- [ACTION ITEM]
The output should be limited to the line holding "NEST OF THREE MODERN TABLES" and the lines after it through the end of the entries, each restated exactly.

Segment Start: EXTRACTED MATERIAL

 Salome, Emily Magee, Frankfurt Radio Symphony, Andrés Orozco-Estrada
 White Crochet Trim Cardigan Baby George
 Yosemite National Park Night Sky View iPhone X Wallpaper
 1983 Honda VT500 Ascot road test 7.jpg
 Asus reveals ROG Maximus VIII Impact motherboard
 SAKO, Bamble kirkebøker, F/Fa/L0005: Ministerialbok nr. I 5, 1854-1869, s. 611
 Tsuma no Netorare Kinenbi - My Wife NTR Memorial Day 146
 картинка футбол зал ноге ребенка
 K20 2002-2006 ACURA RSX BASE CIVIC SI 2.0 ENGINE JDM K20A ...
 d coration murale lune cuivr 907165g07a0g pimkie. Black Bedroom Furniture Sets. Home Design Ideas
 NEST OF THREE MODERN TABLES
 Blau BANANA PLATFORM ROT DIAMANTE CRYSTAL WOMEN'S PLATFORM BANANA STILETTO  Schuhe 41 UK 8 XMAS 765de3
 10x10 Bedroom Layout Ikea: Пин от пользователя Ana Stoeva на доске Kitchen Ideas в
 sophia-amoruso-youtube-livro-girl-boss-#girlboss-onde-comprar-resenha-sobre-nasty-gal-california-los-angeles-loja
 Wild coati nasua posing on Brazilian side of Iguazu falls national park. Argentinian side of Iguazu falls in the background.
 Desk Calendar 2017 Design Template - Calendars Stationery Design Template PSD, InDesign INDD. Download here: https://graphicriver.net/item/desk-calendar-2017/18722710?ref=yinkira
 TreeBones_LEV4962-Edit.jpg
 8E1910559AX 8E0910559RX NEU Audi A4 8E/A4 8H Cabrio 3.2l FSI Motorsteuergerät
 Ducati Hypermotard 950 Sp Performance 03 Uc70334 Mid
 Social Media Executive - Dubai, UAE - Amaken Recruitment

Segment End: EXTRACTED MATERIAL

- [EXERCISE RESULT]
 NEST OF THREE MODERN TABLES
 Blau BANANA PLATFORM ROT DIAMANTE CRYSTAL WOMEN'S PLATFORM BANANA STILETTO  Schuhe 41 UK 8 XMAS 765de3
 10x10 Bedroom Layout Ikea: Пин от пользователя Ana Stoeva на доске Kitchen Ideas в
 sophia-amoruso-youtube-livro-girl-boss-#girlboss-onde-comprar-resenha-sobre-nasty-gal-california-los-angeles-loja
 Wild coati nasua posing on Brazilian side of Iguazu falls national park. Argentinian side of Iguazu falls in the background.
 Desk Calendar 2017 Design Template - Calendars Stationery Design Template PSD, InDesign INDD. Download here: https://graphicriver.net/item/desk-calendar-2017/18722710?ref=yinkira
 TreeBones_LEV4962-Edit.jpg
 8E1910559AX 8E0910559RX NEU Audi A4 8E/A4 8H Cabrio 3.2l FSI Motorsteuergerät
 Ducati Hypermotard 950 Sp Performance 03 Uc70334 Mid
 Social Media Executive - Dubai, UAE - Amaken Recruitment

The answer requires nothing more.